Dlaczego nowotwór oka przerzutuje akurat do wątroby?

Ponieważ komórki nowotworowe krążące we krwi osadzają się tam, gdzie jest zwolniony przepływ krwi, a tak jest w wątrobie. W późniejszym czasie przerzuty pojawiają się także w innych lokalizacjach, praktycznie wszędzie może pojawić się przerzut czerniaka gałki ocznej, także np. w płucach, w skórze, w innych narządach, także w mózgu. Jeżeli jednak obecne są przerzuty, to w ok. 90 proc. przypadków najpierw pojawiają się w wątrobie, dlatego to jest narząd, który najpierw badamy.

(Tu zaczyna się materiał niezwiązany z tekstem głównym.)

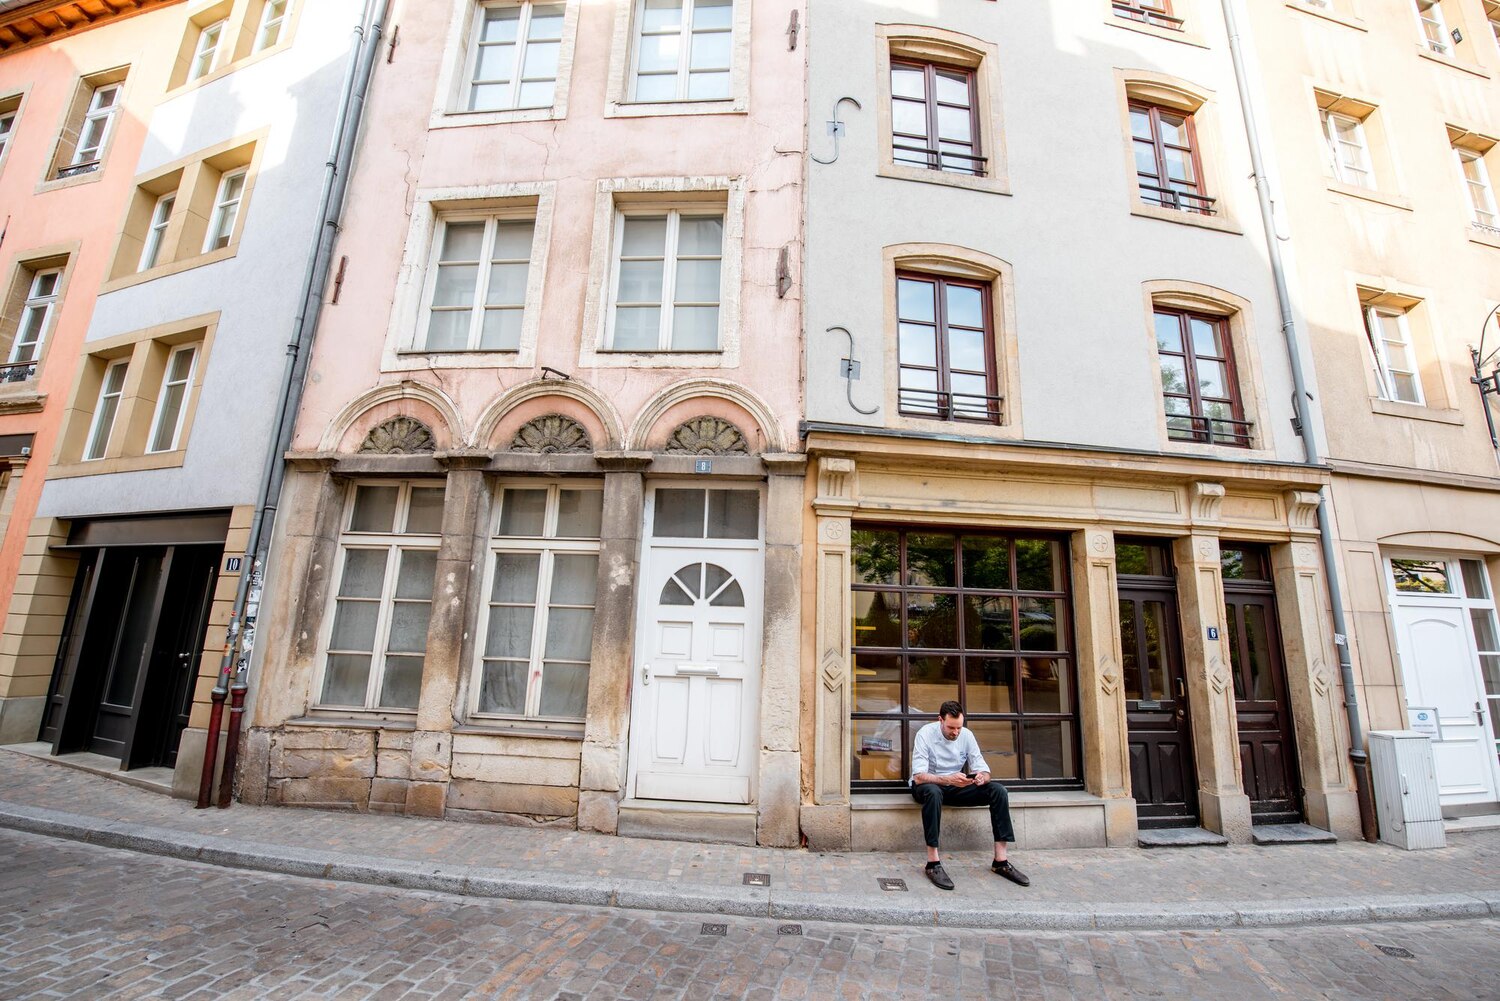 Découvrez comment sélectionner l'agence immobilière de premier choix dans le 15ème arrondissement de Paris
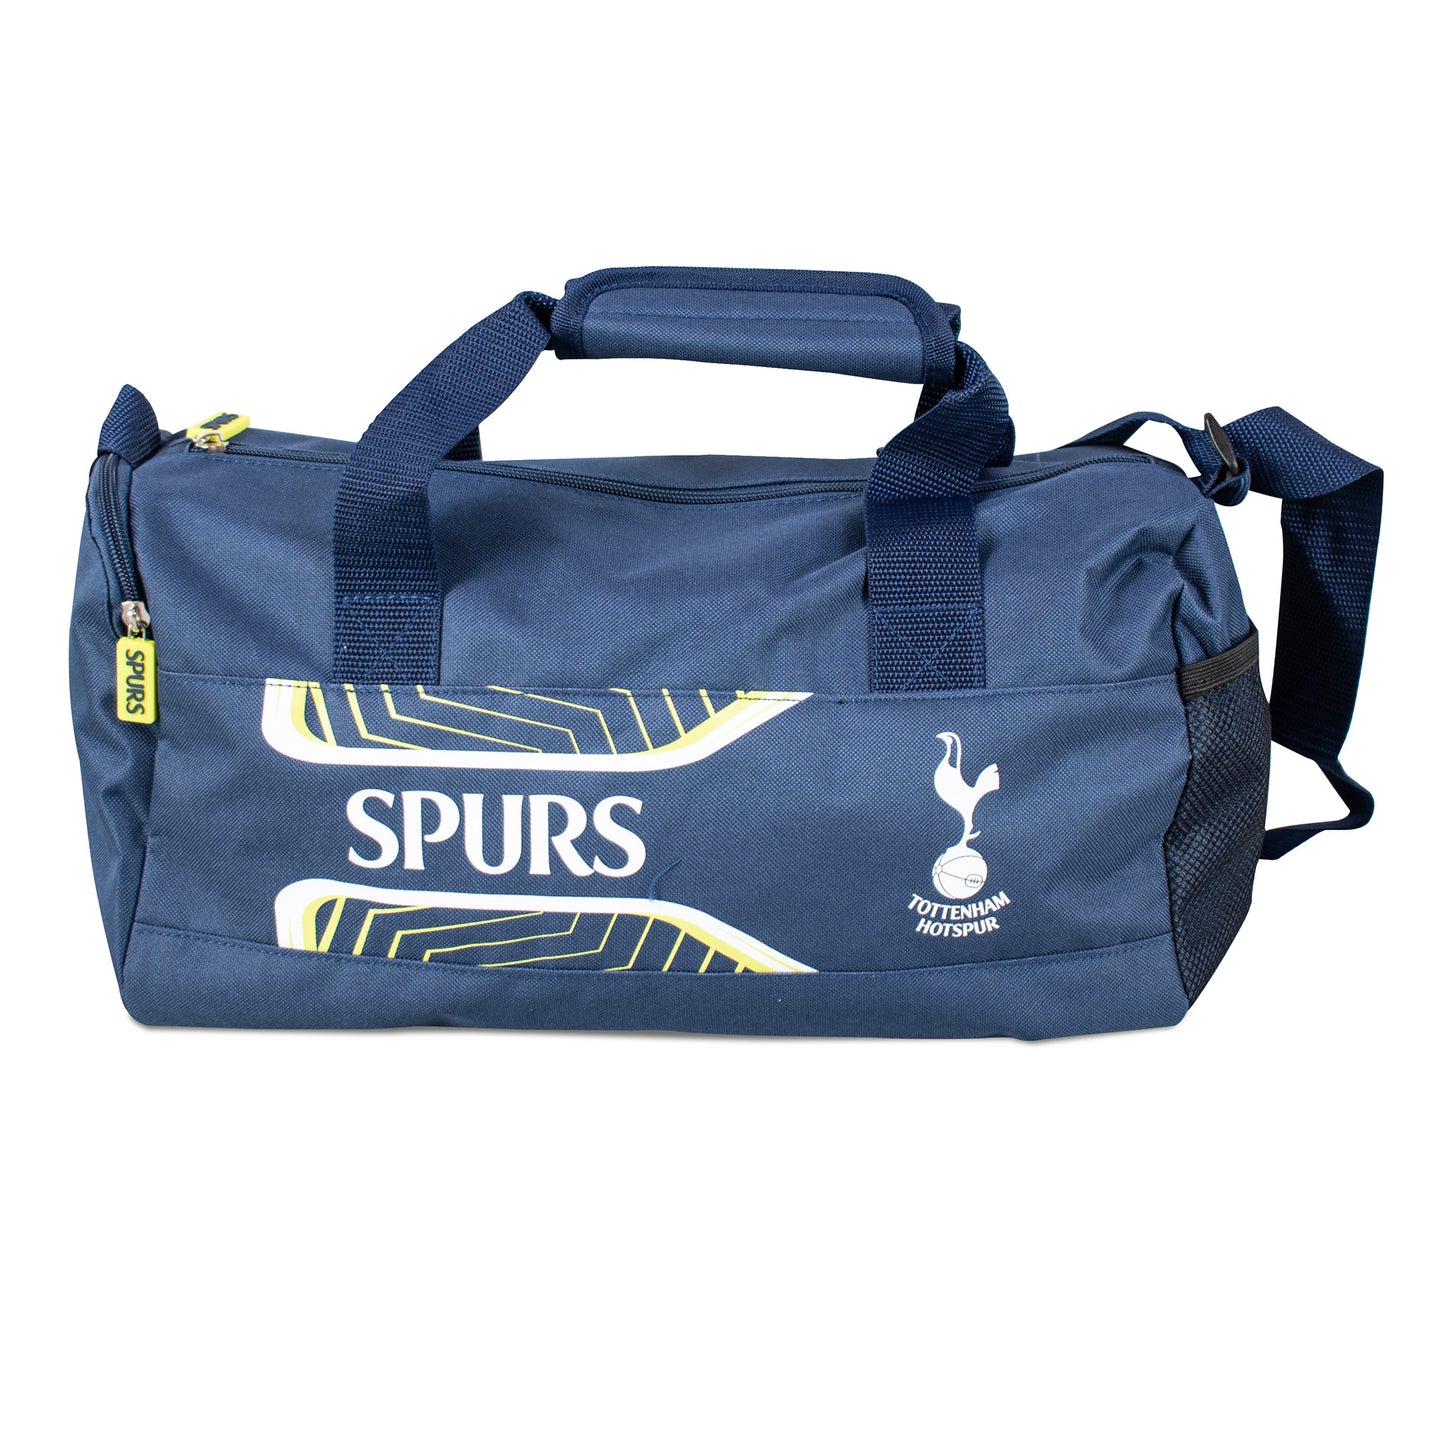 Tottenham Hotspur Flash Duffel Bag

Prof. dr hab. med. Bożena Romanowska-Dixon jest kierownikiem Oddziału Klinicznego Okulistyki i Onkologii Okulistycznej Szpitala Uniwersyteckiego w Krakowie, kierownikiem Katedry Okulistyki Uniwersytetu Jagiellońskiego, Collegium Medicum, prezesem Polskiego Towarzystwa Okulistycznego.